Now picture this – you are on Wall Street and you see all these flashy numbers on the board that change every time you turn around. Sounds like a familiar movie scene? Now, you may ask: Why in the world do these numbers change all the time?
The short answer is two words: Supply and Demand. Earnest sellers cause prices to go down. In order to sell their shares quickly, they are likely willing to accept a lower price. On the other hand, earnest buyers cause the prices to go up. These buyers are drawn to bid higher prices than the current stock price. Think of the stock market as a one large auction and the stock price is the price sellers are willing to receive and buyers are willing to pay.
Now, we hope this would be as simple as this, don’t we? However, what pushes people to buy and sell? Well, there is really no single answer to that. The perception of the buyers and sellers of stocks are driven by a lot of factors. So, let’s decode the main factors that affect investors’ decision.
Company Earnings – This is probably the most solid basis for stock prices. After all, who would not want to invest in a company that is bringing in the bucks?
Publicity – They say no press is bad press, but this is not applicable to the stock market. One bad public announcement or news piece could cause a decline in company’s stock price.
Potential – A company’s growth potential based on forecasts, analyst reports and media greatly affect the stock prices and investor perception.
Bank and Government Policies – When the relevant branches of the government or or the central bank make huge decisions, or release and change new policies, everyone does not have a choice but to notice and comply. The market generally reacts to these decisions and adapts.
Economic Data – Economic data releases such as labor rates, consumer spending, GDP (gross domestic product – basically the total value of the goods and services in a country during the year) and interest rates are important factors that investors consider when deciding to buy or sell stocks. When the data is better than economists expect, the stock market increases in value. Alternatively, when these economic indicators are worse than expected, the overall market decreases in value.
Wars/Conflicts – Terrorists might take over or blow up an oil field. Activists may start protesting child labor practices. Refugee crisis occur which causes multiple nations to argue. These wars and conflicts eventually take its toll on stock prices before you know it.
Rumors – Like most life decisions, the decision to buy or sell stocks are sometimes driven by rumors. Rumors like “the CEO plans to step down”, “the CFO may be accused of fraud”, “management might decide to sell the company” or “interest rates may increase in the next quarter”, whether credible or not, actually impacts investors’ decision-making process.

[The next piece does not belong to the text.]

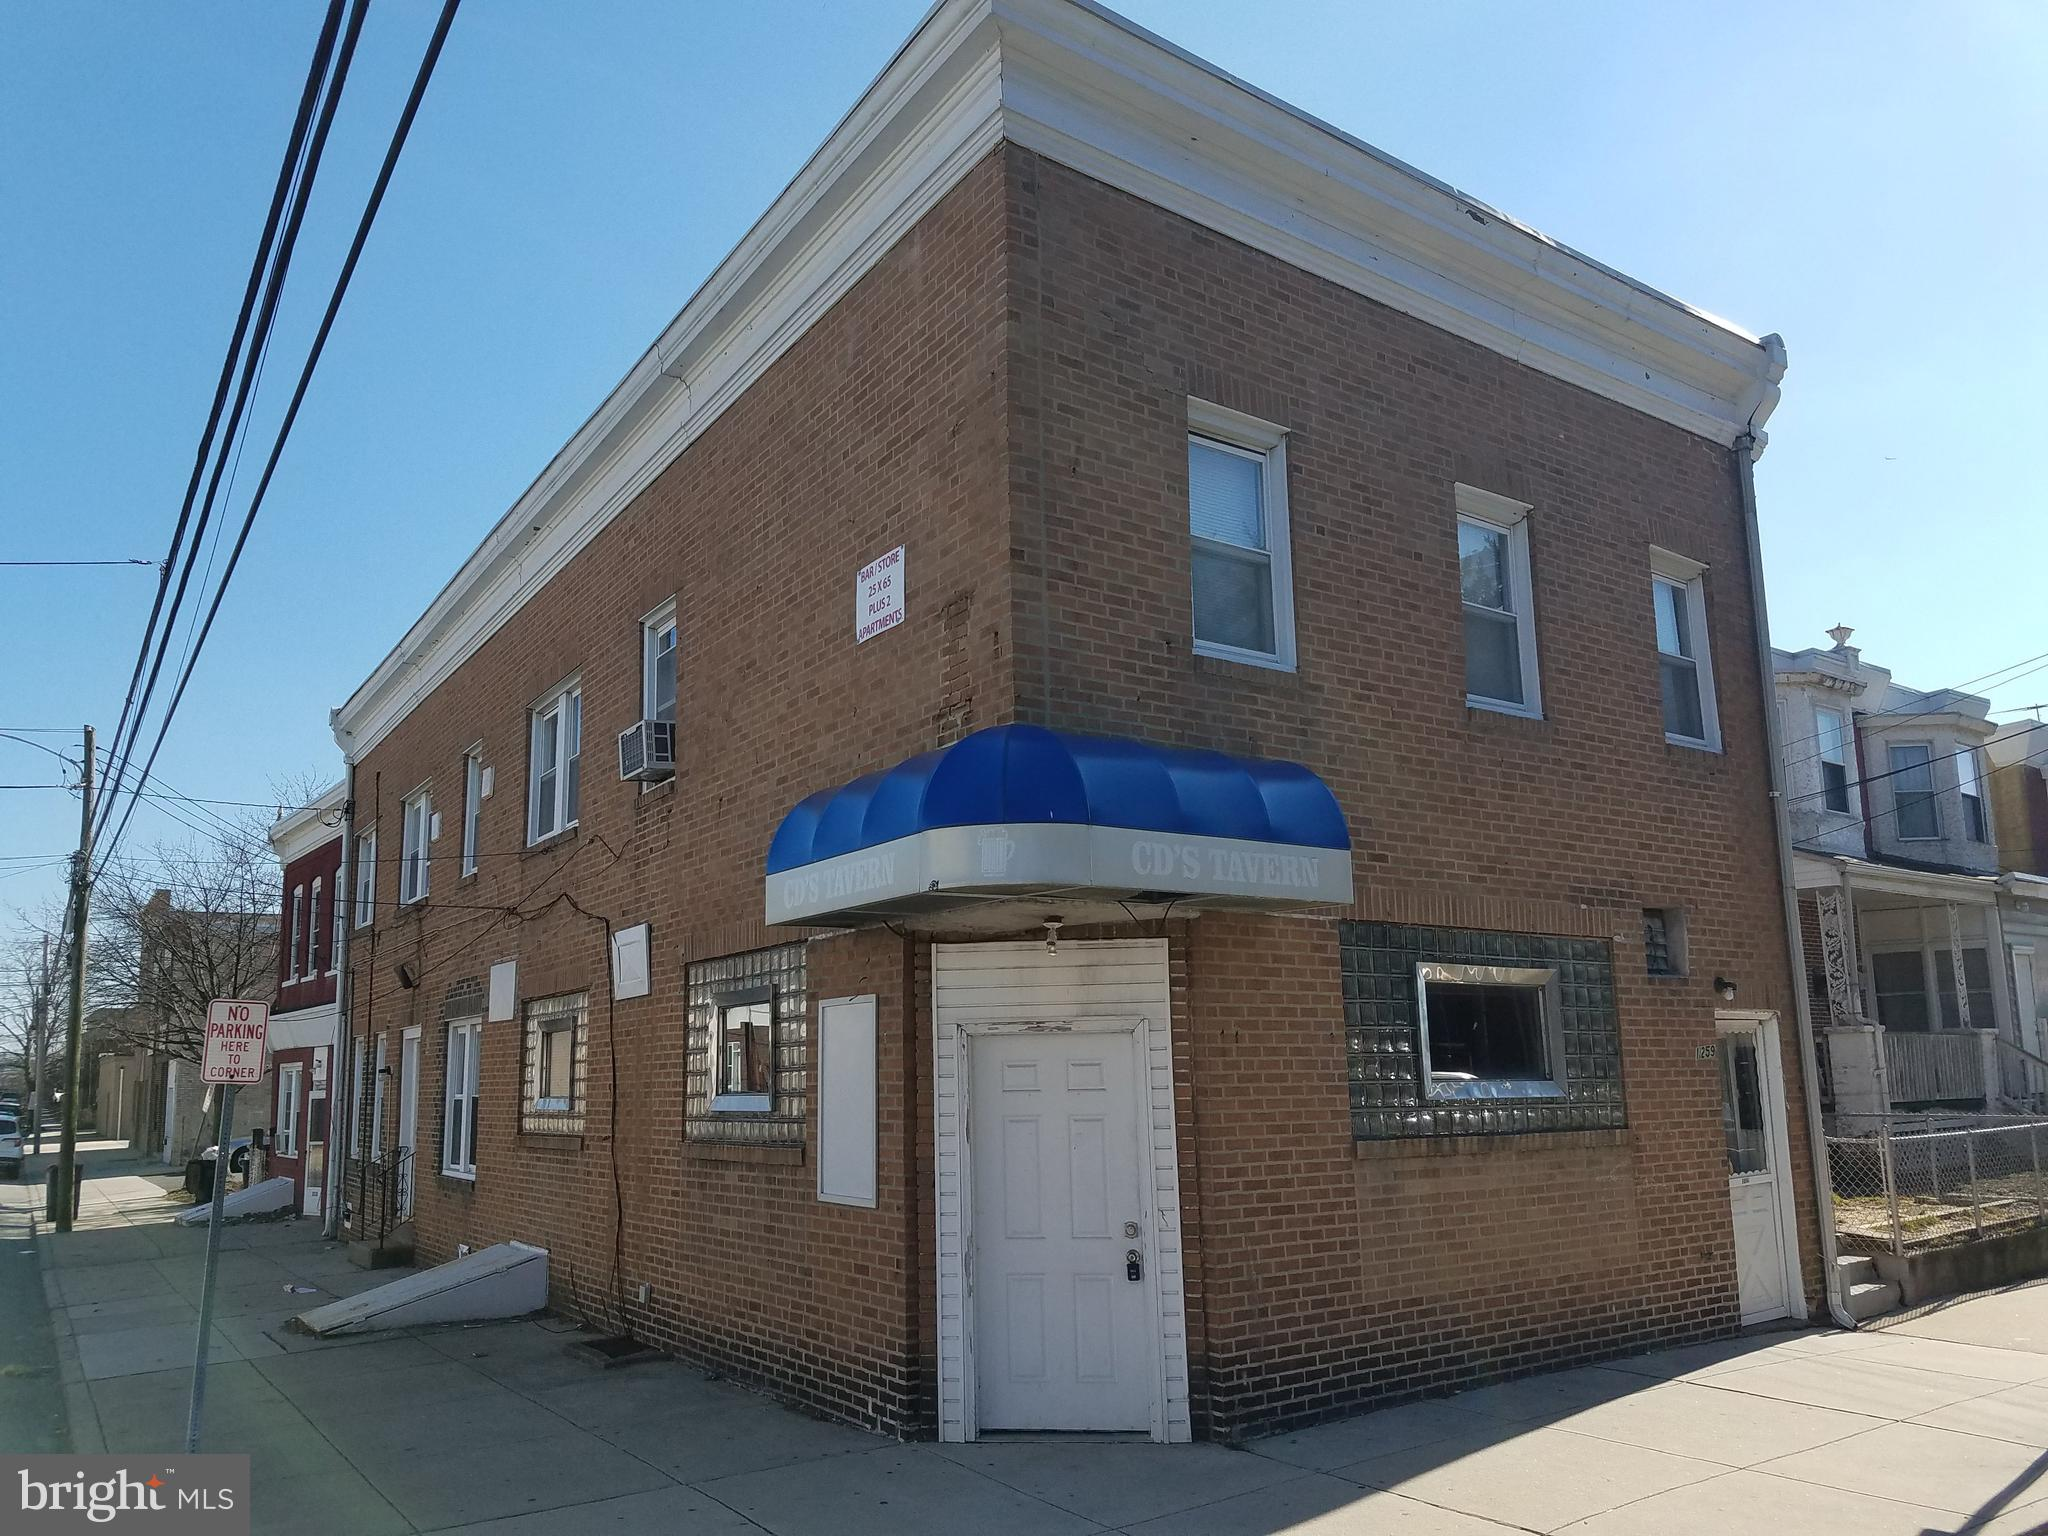 1259 E 11TH STREET, CRUM LYNNE, PA 19022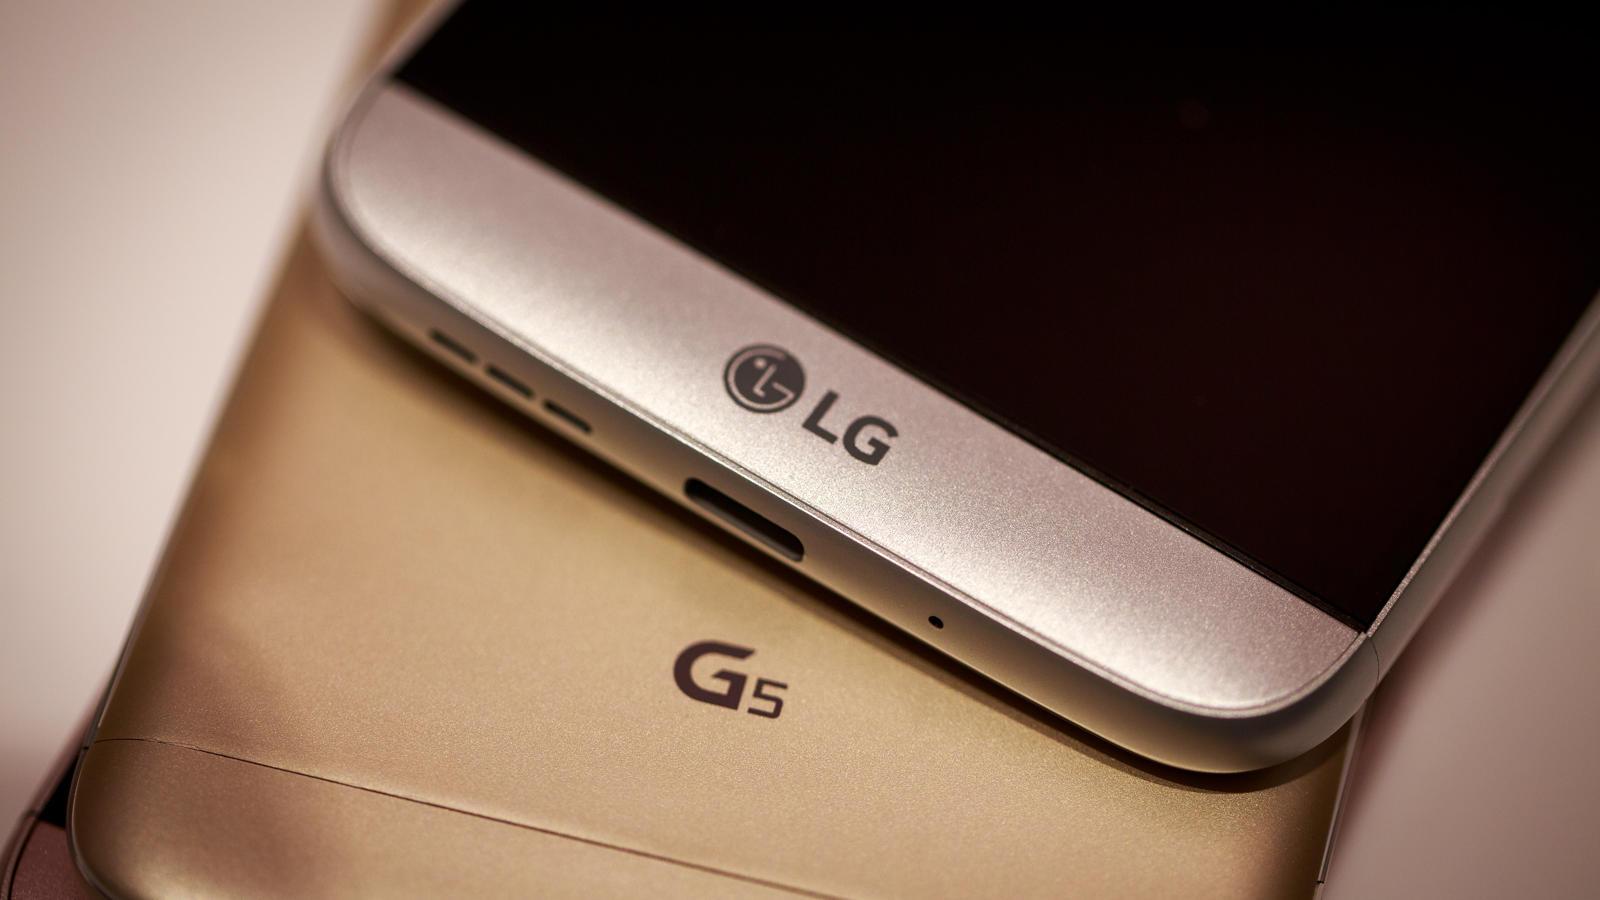 lg-g5-1163-016

Individual Lifestyle – Let’s say you’re the type of person who likes to go on trips to Europe or Asia during December. Or the one who likes to spend the holidays with the family which lives a thousand miles away. December could hurt the bank (we’ve all been there!), and there are some people who like to sell their shares before the holidays to keep the money rolling or for tax purposes.
Weather – We know, this one’s kinda odd! However, a gloomy weather could affect stock price in plenty of ways!